You could do something similar to myvalue >> pointer or myvalue >>= pointer and its also possible to implement the reverse, such as pointer << myvalue or pointer <<= myvalue.
Using this operator would call Pointer.assign and easily allow updating the pointer (works especially well for immutable values such as int, str, tuple.)
An example would be
myvalue = 5
p = Pointer(myvalue)
# adds 10 to *int
def add_ten(reference):
val = ~reference
val += 10
val >> reference
add_ten(p)
print(*p)
this isnt exactly how the library works. when you change the pointer, it changes the pointer itself, not the value its pointing to. i haven't implemented support for changing the data that its pointing to yet.
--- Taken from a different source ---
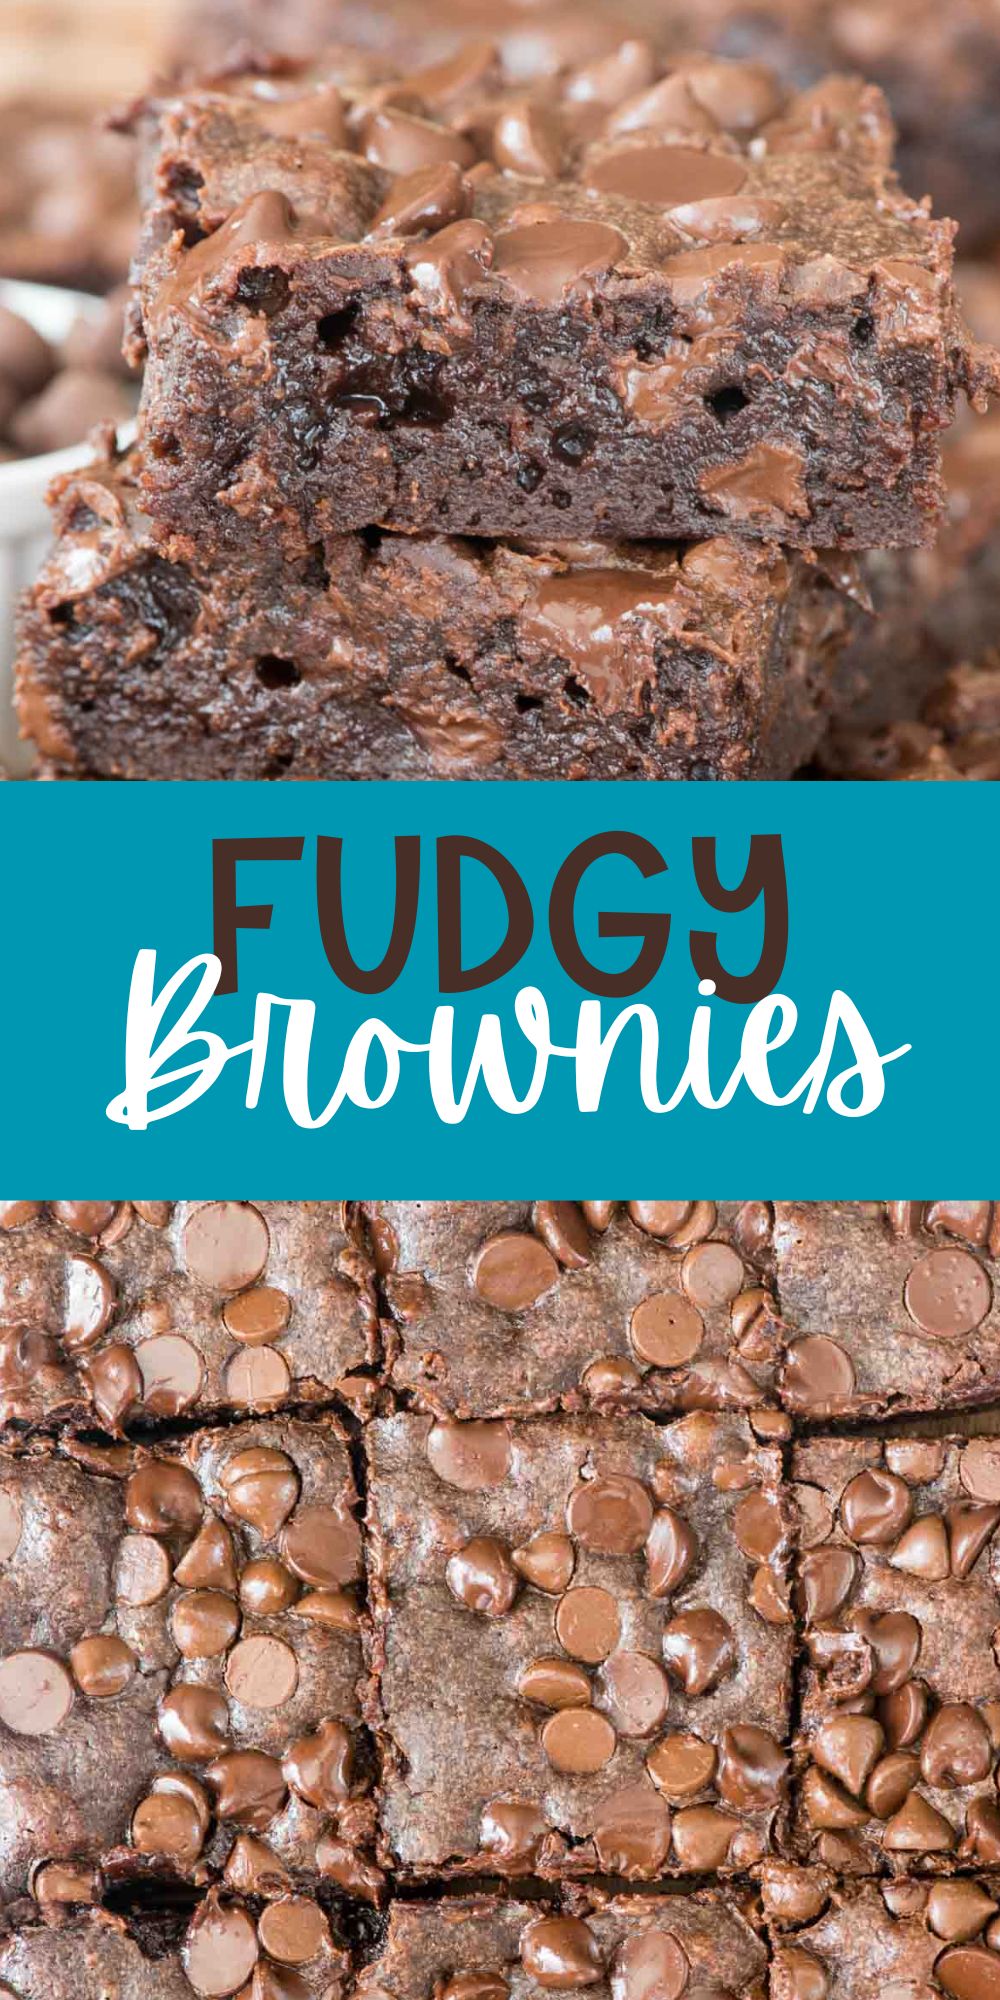 two photos of stacked brownies with lots of chocolate chips baked in with words on the image.

The reason for changing the address is for when you use an immutable value such as int and str
The proposed change would change the address (with Pointer.assign), not the value since for certain types, updating the value creates a copy at a new memory address. I'm not sure if there's any other way to fix that other than updating the value with Pointer.assign. The >> operator would be a shorthand for Pointer.assign.
sounds good, will implement
Be aware that you can add r to __lshift__ to create __rlshift__ for the reverse operator so it would be called if it's the first thing in the expression instead of the second. Same can be applied with adding i to create __ilshift__ to create <<=
im a bit confused on what the reverse operator would be, could you explain?
You should be able to find some information here: https://docs.python.org/3/library/operator.html. I would help implement it, but I'm not home right now. For example: if I have class1 + class2 it's going to execute class1's add but if class2 has radd it will execute that.